4) Berdoa antara adzan dan iqamah.
Rasulullah shallallahu ‘alaihi
wa sallam bersabda:
الدُّعَاءُ لَا يُرَدُّ بَيْنَ الأَذَانِ
وَالإِقَامَةِ.
“Doa
itu tidak tertolak antara adzan dan iqamah.” (HR. Ahamad 12584, Tirmidzi
212 dan 3595, dishahihkan Syaikh al-Albani di dalam Shahihu Al-Jami’ 3408).
5)
Mustajabnya doa antara adzan
dan iqamah.
Sedangkan
dalam riwayat Abu Dawud dengan lafadz:
لَا يُرَدُّ الدُّعَاءُ بَيْنَ الْأَذَانِ
وَالْإِقَامَةِ.
“Doa
itu tidak tertolak (jika dipanjatkan di antara) adzan dan iqamah.” (HR.
Abu Dawud 521, dishahihkan Syaikh al-Albani di dalam al-Misykah al-Mashabih 18).
Adab seorang muslim ketika telah memasuki masjid hendaknya:
1)
Mendekat kesutrah
(pembatas), hukumnya wajib.
2)
Tidak membiarkan
seseorang atau binatang melewati didepannya.
3)
Berdosa bagi orang yang
melewati di depan orang yang sedang shalat.
4)
Orang yang tidak
memakai sutrah tak bisa melarang orang lewat diluar jangkauanya.
5)
Mengutamakan shalat dua
reka’at sebelum duduk.
6)
Menggabungkan Rawatib
dengan Tahiyatul masjid, telah mencukupi.
7)
Menanti shalat dengan
doa, dzikr, shalawat dan membaca Al-Qur’an.
8)
Tidak mengeraskan
bacaan di dalam membaca tersebut.
9)
Berdoa antara adzan dan
iqamah salah satu waktu mustajab.
10)
Tidak menyia-nyiakan
waktu antara adzan dan iqamah.
1.
Tenang, tidak
mengganggu orang lain dan tidak pula gaduh.
Seseorang yang sedang
menunggu shalat akan selalu mendapat doa dari para malaikat, serta dianggap
seperti orang yang sedang shalat.
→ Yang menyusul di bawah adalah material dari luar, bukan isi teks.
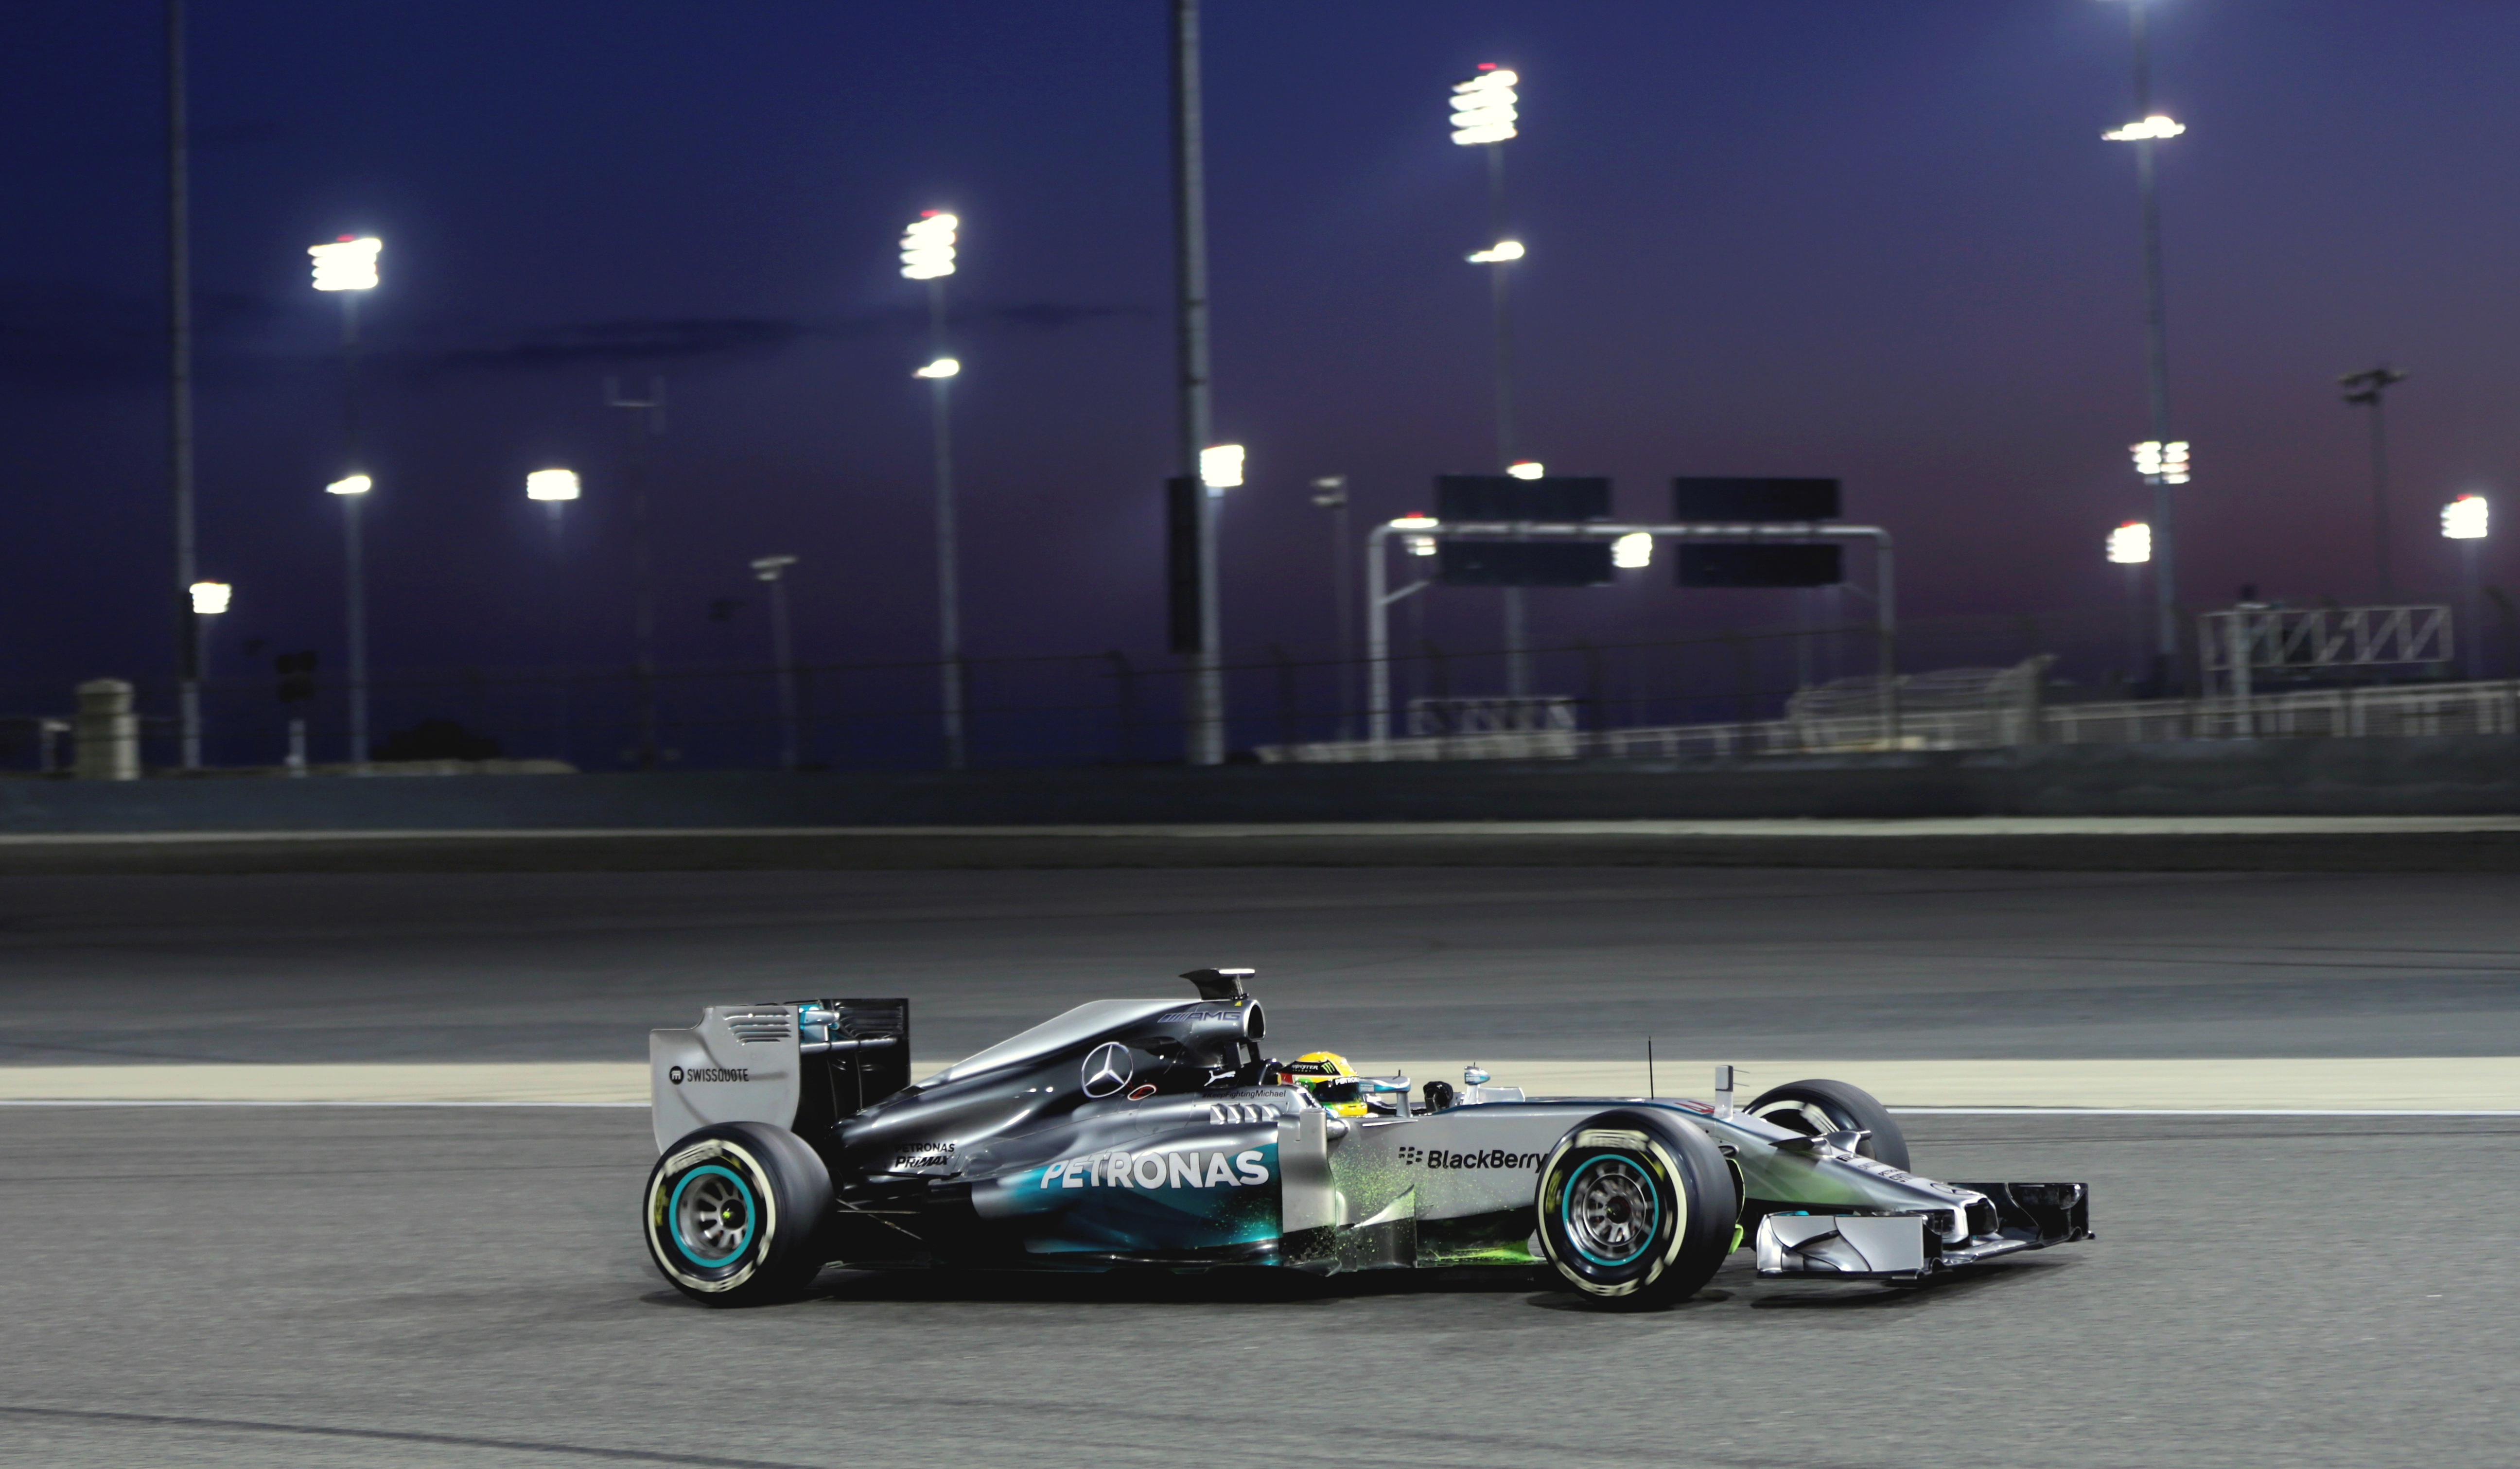 Wallpaper Lewis Hamilton Mercedes Amg W05 F1 Sports

Jadi sebaiknya duduk dengan tenang, berdoa,
berdzikir dan tidak mengganggu orang lain.
1)
Keutamaan menanti
shalat.
Rasulullah shallallahu
‘alaihi wasallam bersabda :
لاَ
يَزَالُ أَحَدُكُمْ فِى صَلاَةٍ مَا دَامَتِ الصَّلاَةُ تَحْبِسُهُ ، لاَ
يَمْنَعُهُ أَنْ يَنْقَلِبَ إِلَى أَهْلِهِ إِلاَّ الصَّلاَةُ.
“Salah seorang di
antara kalian dianggap terus menerus di dalam shalat selama ia menunggu shalat
di mana shalat tersebut menahannya untuk pulang. Tidak ada yang menahannya
untuk pulang kepada keluarganya kecuali shalat.” (HR. Bukhari 659, Muslim 649).
2)
Tidak mengganggu saudaranya
dengan suara.
Nabi shallallahu ‘alaiahi was sallam
pernah mendengar beberapa sahabat yang sedang shalat, bersuara keras dalam
qiro’ah, maka beliau bersabda:
أَلَا إِنَّ كُلَّكُمْ مُنَاجٍ رَبَّهُ،
فَلَا يُؤْذِيَنَّ بَعْضُكُمْ بَعْضًا، وَلَا يَرْفَعْ بَعْضُكُمْ عَلَى بَعْضٍ
فِي الْقِرَاءَةِ، أَوْ قَالَ: فِي الصَّلَاةِ.
"Ketahuilah, sesungguhnya kalian tengah
berdialog dengan Rabb, oleh karena itu janganlah sebagian yang satu mengganggu
sebagian yang lain dan jangan pula sebagian yang satu mengeraskan terhadap
sebagian yang lain di dalam membaca (Al Qur'an) atau dalam shalatnya." (HR.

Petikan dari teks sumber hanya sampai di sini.